Sunday, May 10, 2009

On Being Hip or Not

I’ve been fairly racing through the last third or so of Mailer’s Advertisements For Myself. It’s highly entertaining, thought-provoking stuff, if a little silly on occasion, but the silliness derives from ambition and a determination to stake out new territory. It’s fascinating to see Mailer moving beyond the highly successful realistic style of The Naked and the Dead in the early material included in Advertisements and struggling towards a new style, in fact, a whole new way of seeing the world. The difference can be seen comparing the article The Homosexual Villain with The White Negro. The former is a nicely crafted apologia for his treatment of homosexuality in his early work, with its distinct overtones of what we would now term homophobia, in a thoroughly balanced, sensible and civilised form. Mailer makes it clear that he detests his essay for those very reasons. He’s after something wild and unbalanced enough to upset and provoke his readers and make them think the unthinkable and see its possible truth.

He clearly feels he has achieved this in The White Negro which, amongst other things, celebrates psychopathy and murder and develops a philosophy of the Hip which underpins the rest of the collection.
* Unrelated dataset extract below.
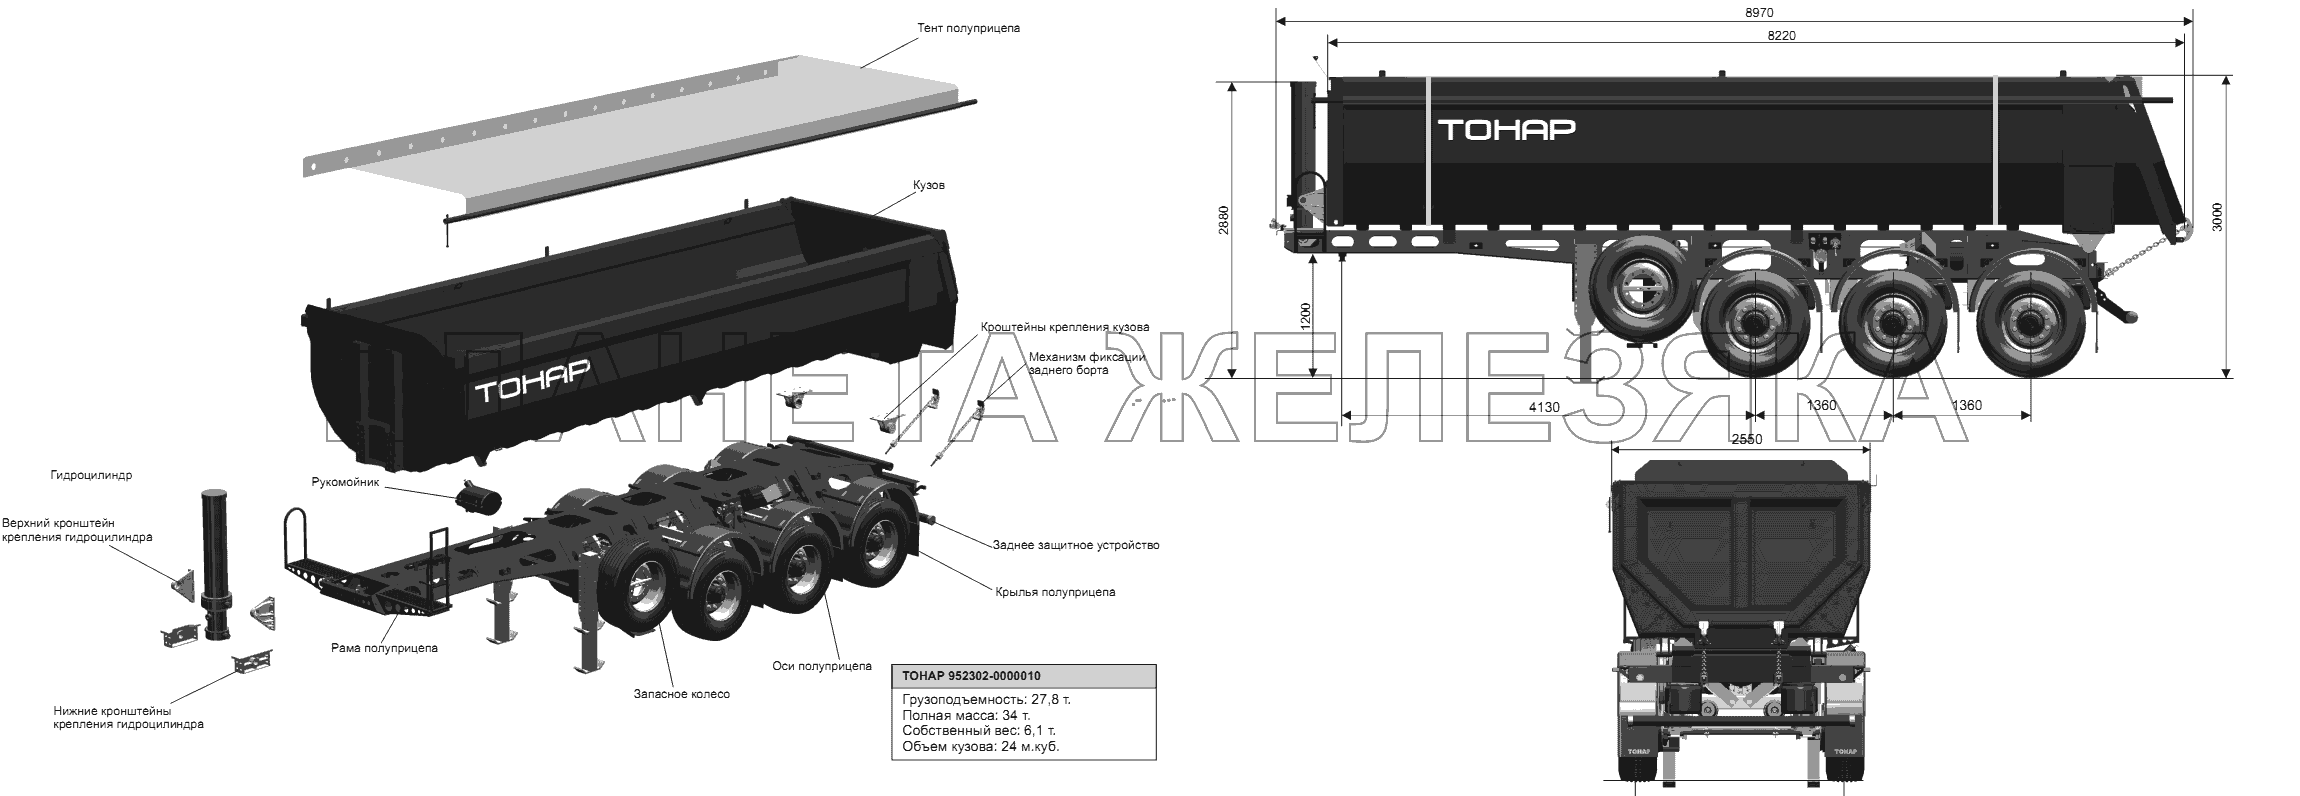 Общий вид полуприцепа модели 952302-0000010 Тонар-952302
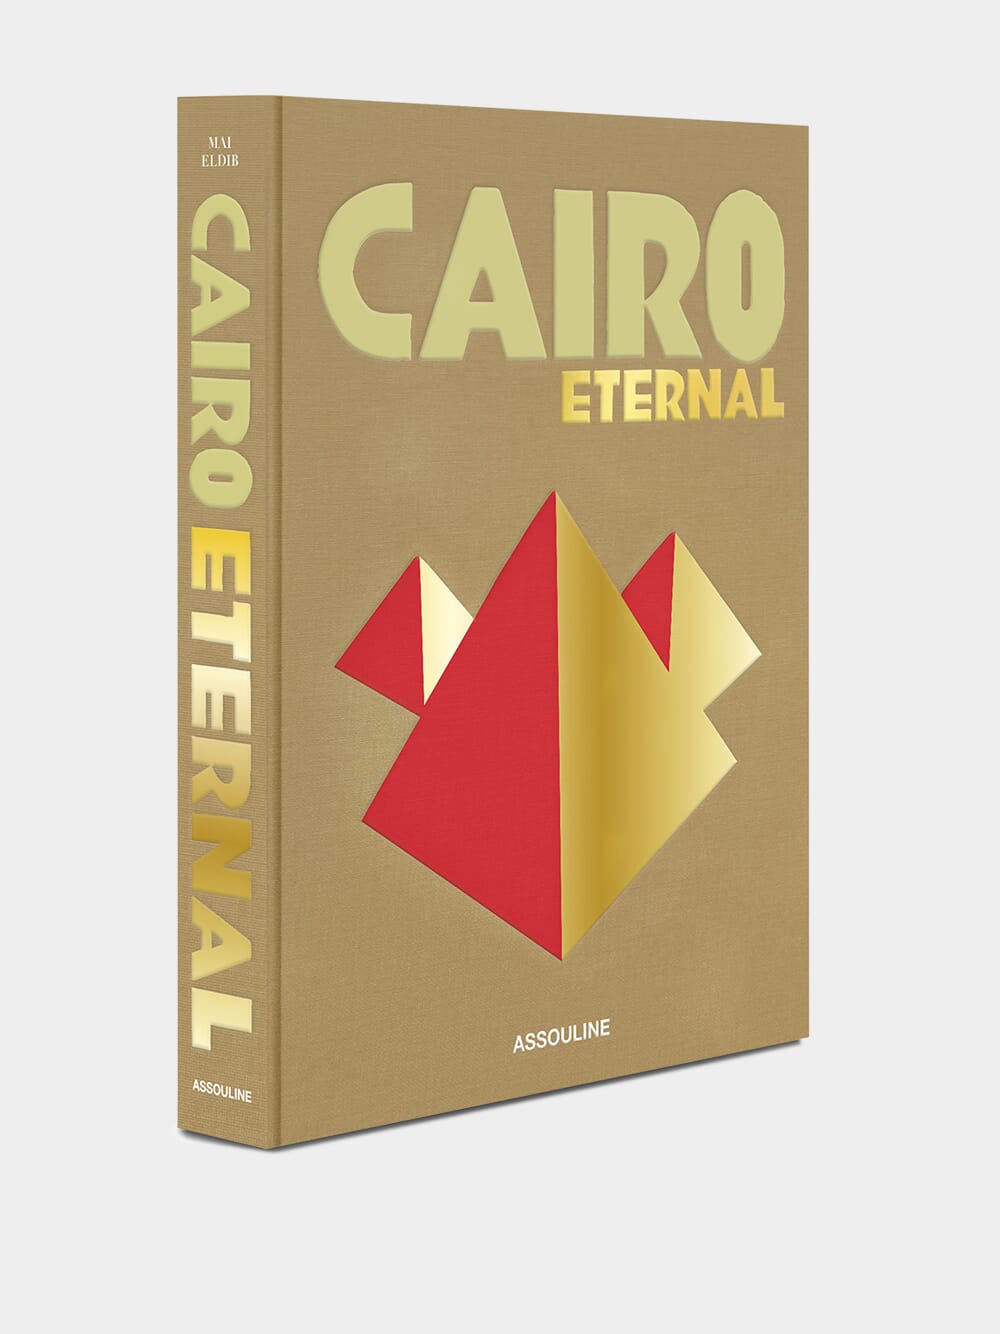 Cairo Eternal

And this is a breakthrough. The essential ideas carry Mailer through his work in the sixties, though I think leavened there by a great deal more humour and self-awareness, an awareness which manifests itself in a number of the advertisement sections of Advertisements but somehow not as attractively as in the later works – I’m thinking particularly of my great favourite The Armies of the Night here. Certainly the final third of Advertisements seems easier to read than the occasionally stodgy opening bits in the earlier material. There’s a kind of excitement and daring that drags the reader along with it.

But I must say the basic contrast between what Mailer terms the Hip and the Square just doesn’t seem to work for me. The trouble with Mailer’s generalisations is that, after their initial excitement, when you cool-headedly analyse them, you realise they don’t work – except for Mailer himself, which I suppose is enough.

Oddly enough this was brought home to me when listening to what is rapidly becoming one of my favourite CDs. I’m referring to Pierre-Laurent Aimard’s playing of works for piano by Olivier Messiaen entitled Hommage A Messiaen. And what a homage it is! I listened to this on the flights to and from NZ (and got the pianist’s name wrong in my earlier post when I first mentioned the CD.) It’s a brilliant, gorgeous collection of really accessible pieces – there are nine early preludes, written when Messiaen was just twenty, and his beloved mother had just died, which are squarely in the great tradition of highly attractive French piano music, which won’t frighten the neighbours in any way - and it comes with an excellent essay on Messiaen by Aimard himself.

So what has this got to do with Mailer’s conception of the Hip? Well, it occurs to me that in most respects it would be difficult to think of anyone less hip than Messiaen. I don’t think such a good, simple Catholic would have felt at home with Mailer’s hipster buddies and their search for the ultimate orgasm somehow. Yet in the 1950’s, the period covered by Advertisements, Messiaen decided to develop an entirely new conception of his music, represented on the CD by two pieces from Catalogue d’oiseaux, based around (of all things) birdsong. You don’t get much more radical than that. So how should Messiaen be classified? As Square? I recall seeing a film clip of the great composer with his second wife, Yvonne Loriod, both looking like perfectly ordinary, rather nondescript, petit bourgeoisie, walking through a copse, or small forest, tape-recorder in hand, capturing the songs of the birds therein. They looked charmingly ordinary whilst doing something so extraordinary it made it necessary to rethink the very nature of musical experience, and much more satisfyingly so than the other members of the avant garde of the period. (I’m thinking particularly of Pierre Boulez, a pupil of Messiaen and something of a thorn in his side, as I understand it, who achieved nothing as lasting, at least that I’m aware of.) No, I can’t see Messiaen as one of Mailer’s Squares, or as a Hipster. I can only think of him as a Round, and that’s a classification I think we might all safely aspire to.